## WHAT YOU ARE ASKED TO DO
Would you retype exactly the lines below, starting with the one that has "felt house lavender bags" and going on through the one that has "Balcao De Cozinha", with no pictures and nothing else?

## EXCERPTED RECORDS
□ □ □ □

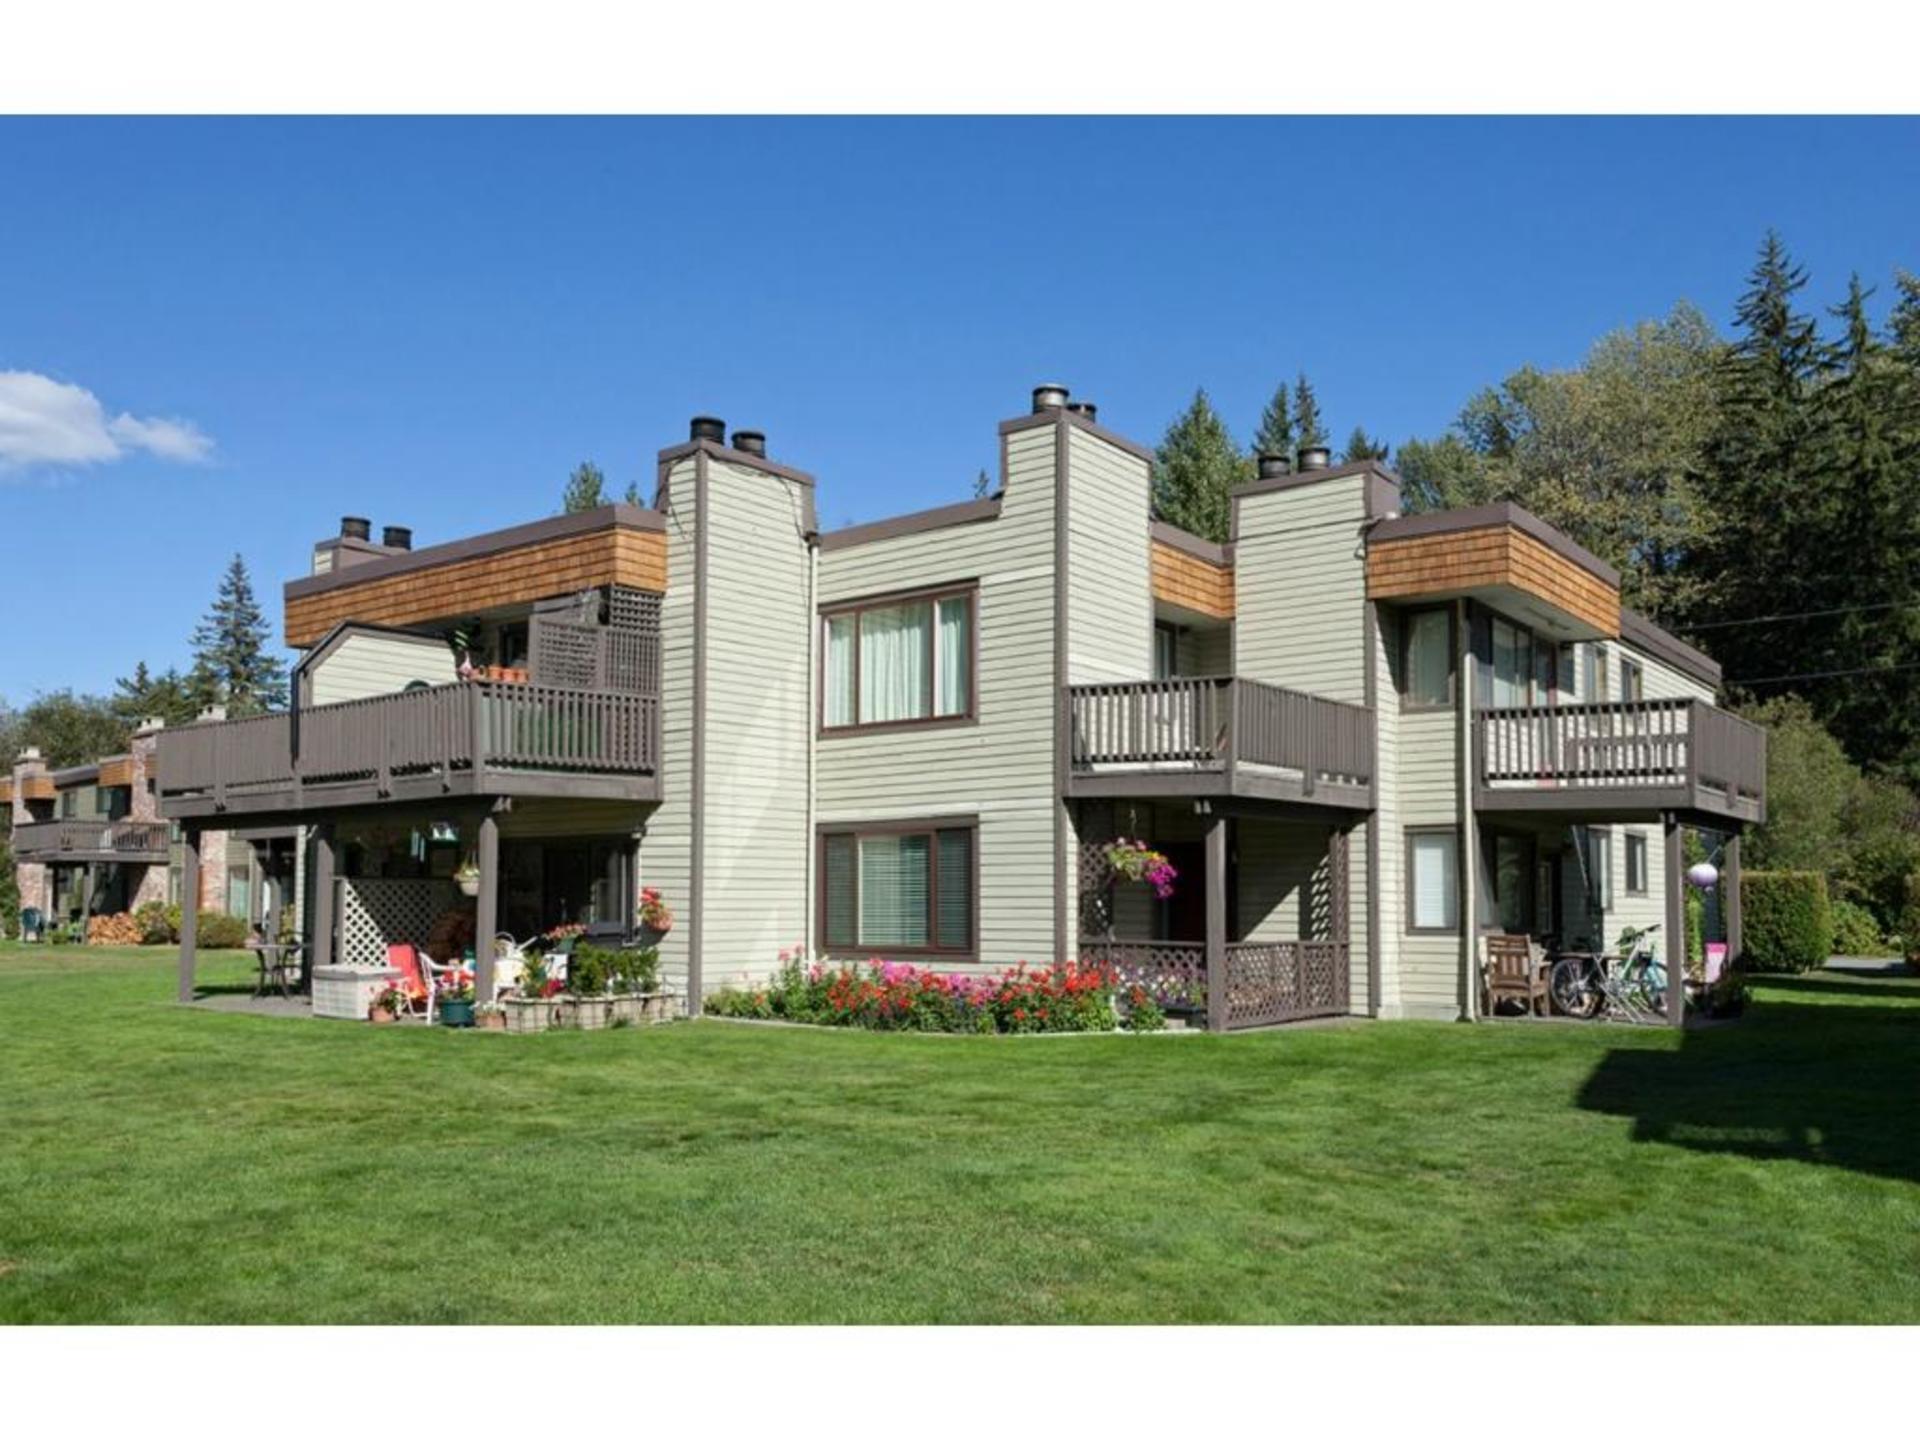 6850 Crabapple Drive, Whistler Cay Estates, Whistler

□ □ □ □

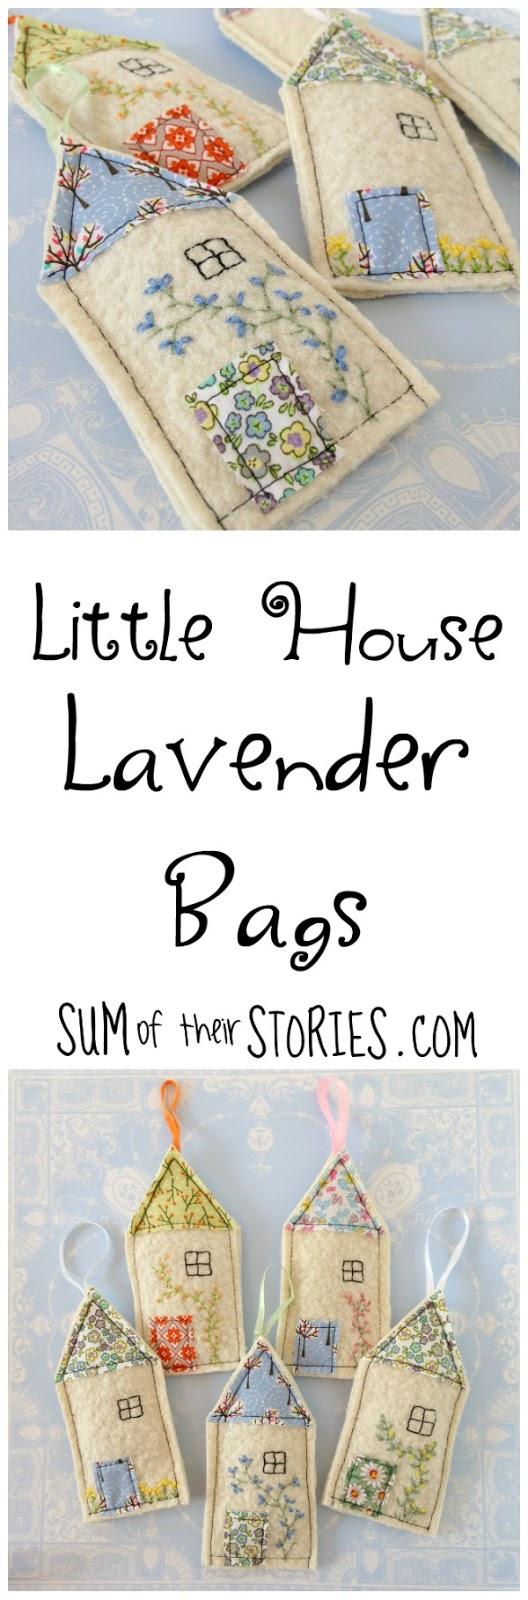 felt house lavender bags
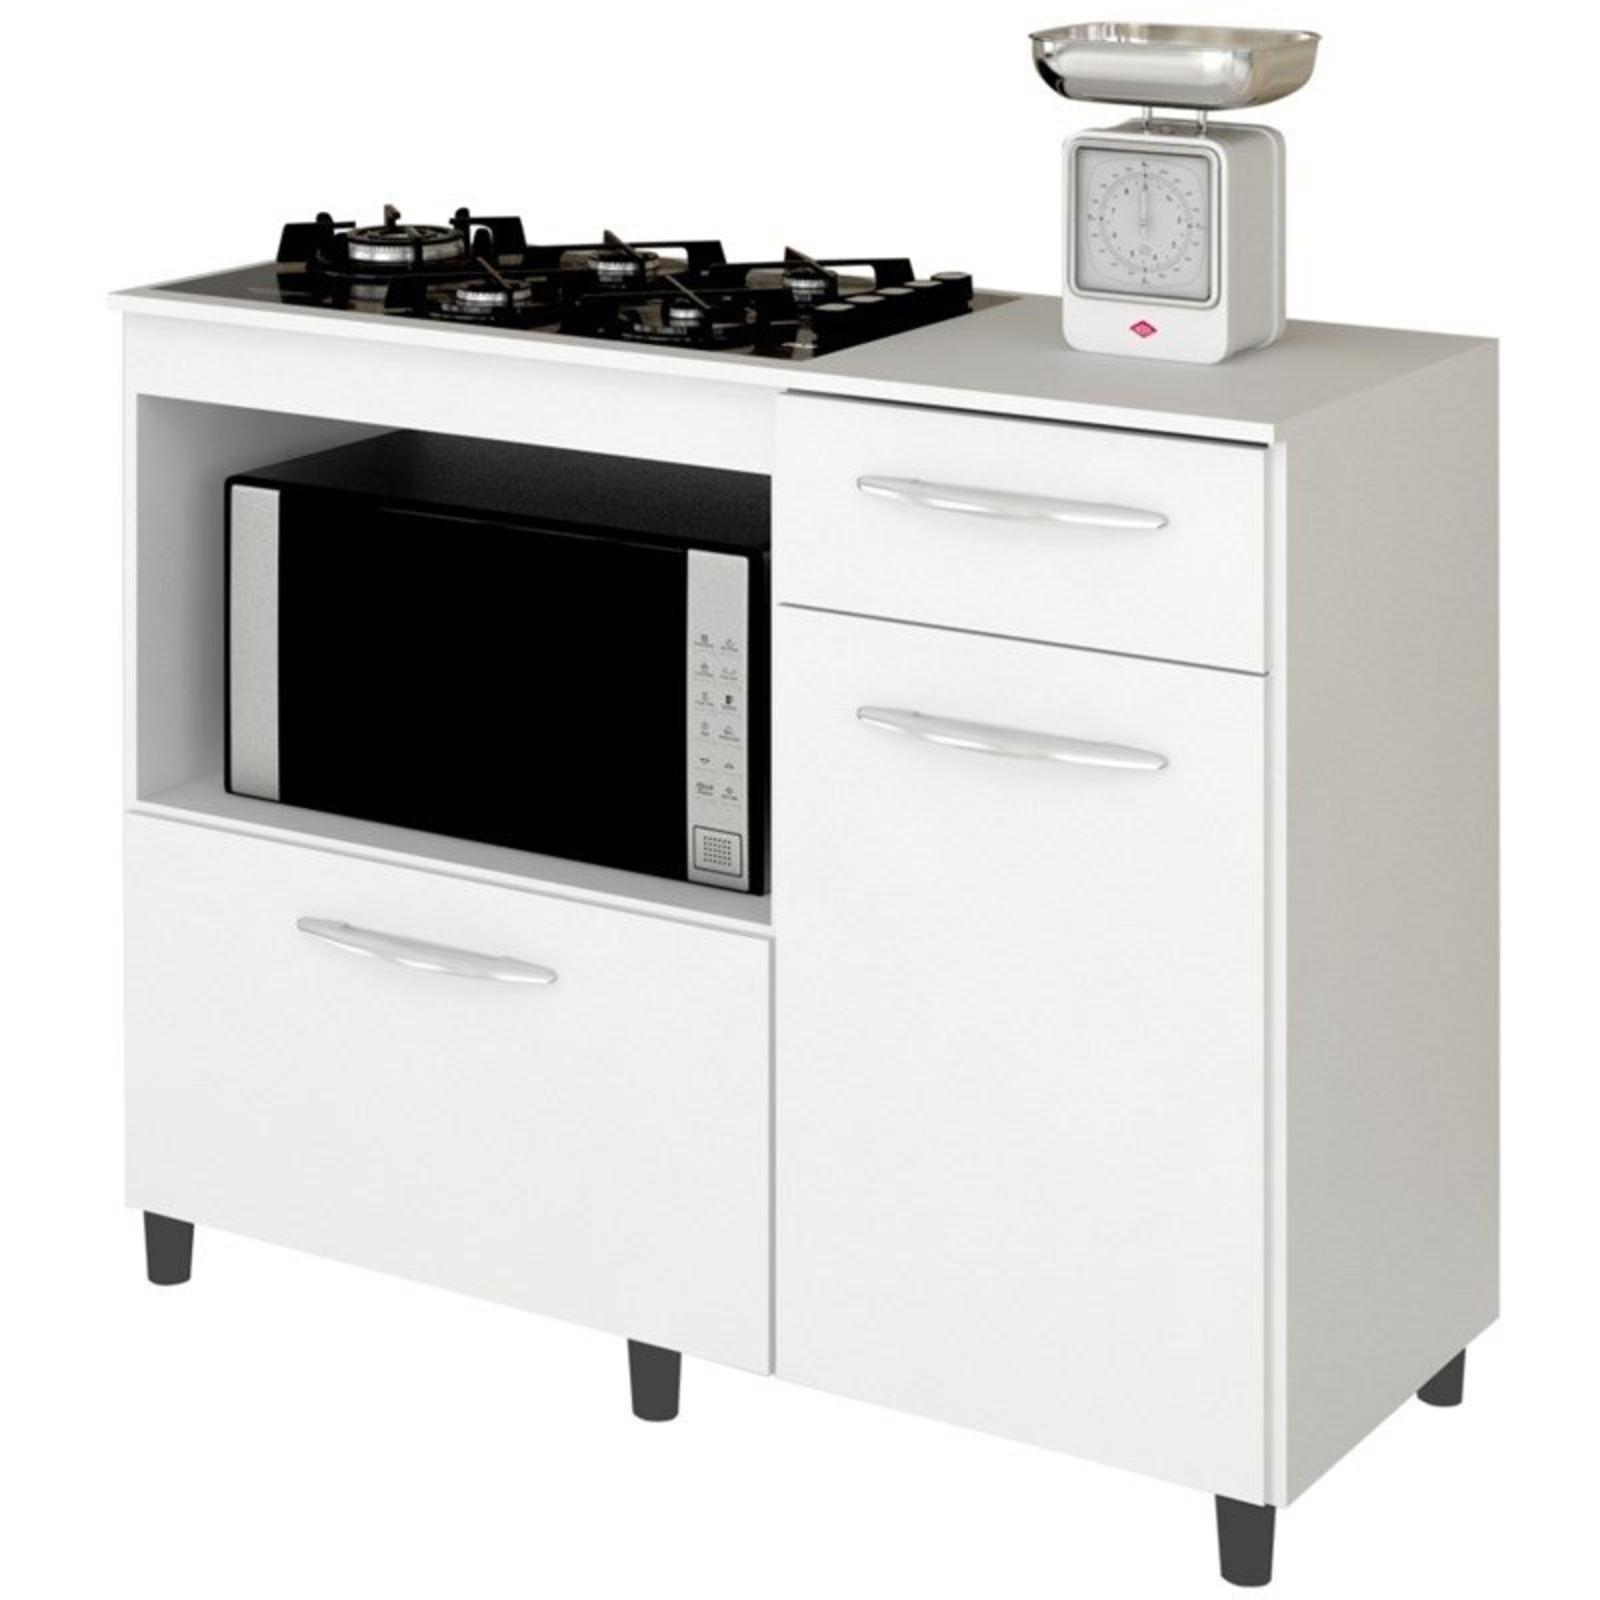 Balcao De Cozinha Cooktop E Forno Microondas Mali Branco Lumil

□ □ □ □

## EXERCISE RESPONSE
 felt house lavender bags
 Balcao De Cozinha Cooktop E Forno Microondas Mali Branco Lumil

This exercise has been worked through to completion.